• Cardiology in the young · Dec 2008

    Review

    Pulmonary complications associated with the treatment of patients with congenital cardiac disease: consensus definitions from the Multi-Societal Database Committee for Pediatric and Congenital Heart Disease.

    • David S Cooper, Jeffrey P Jacobs, Paul J Chai, James Jaggers, Paul Barach, Robert H Beekman, Otto Krogmann, and Peter Manning.
    • The Congenital Heart Institute of Florida (CHIF), Clinical Assistant Professor of Pediatrics, University of South Florida, Florida Pediatric Associates, 880 Sixth Street South, Suite 370, St. Petersburg, FL 33701, USA. davidscooper@verizon.net
    • Cardiol Young. 2008 Dec 1; 18 Suppl 2: 215-21.

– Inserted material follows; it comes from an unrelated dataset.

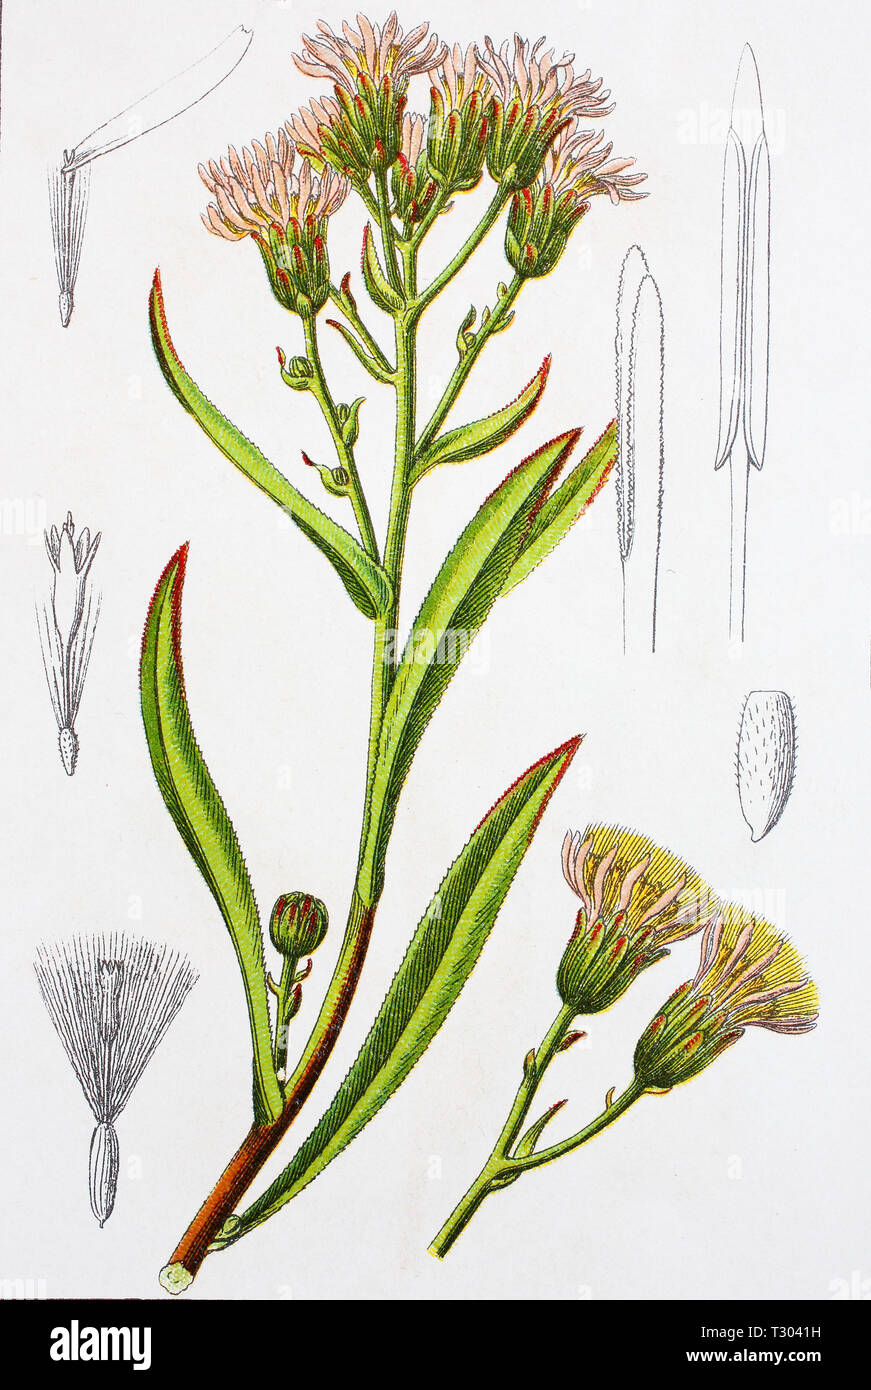 Amélioration numérique reproduction d'une illustration de Salz-Aster Strandaster,,, Aster tripolium aster, la mer, d'un tirage original du 19e siècle Banque D'Images

    AbstractA complication is an event or occurrence that is associated with a disease or a healthcare intervention, is a departure from the desired course of events, and may cause, or be associated with, suboptimal outcome. A complication does not necessarily represent a breech in the standard of care that constitutes medical negligence or medical malpractice. An operative or procedural complication is any complication, regardless of cause, occurring (1) within 30 days after surgery or intervention in or out of the hospital, or (2) after 30 days during the same hospitalization subsequent to the operation or intervention. Operative and procedural complications include both intraoperative/intraprocedural complications and postoperative/postprocedural complications in this time interval. The MultiSocietal Database Committee for Pediatric and Congenital Heart Disease has set forth a comprehensive list of complications associated with the treatment of patients with congenital cardiac disease, related to cardiac, pulmonary, renal, haematological, infectious, neurological, gastrointestinal, and endocrinal systems, as well as those related to the management of anaesthesia and perfusion, and the transplantation of thoracic organs. The objective of this manuscript is to examine the definitions of operative morbidity as they relate specifically to the pulmonary system. These specific definitions and terms will be used to track morbidity associated with surgical and transcatheter interventions and other forms of therapy in a common language across many separate databases. As surgical survival in children with congenital cardiac disease has improved in recent years, focus has necessarily shifted to reducing the morbidity of congenital cardiac malformations and their treatment. A comprehensive list of pulmonary complications is presented. This list is a component of a systems-based compendium of complications that will standardize terminology and thereby allow the study and quantification of morbidity in patients with congenital cardiac malformations. Clinicians caring for patients with congenital cardiac disease will be able to use this list for databases, initiatives to improve quality, reporting of complications, and comparing strategies of treatment.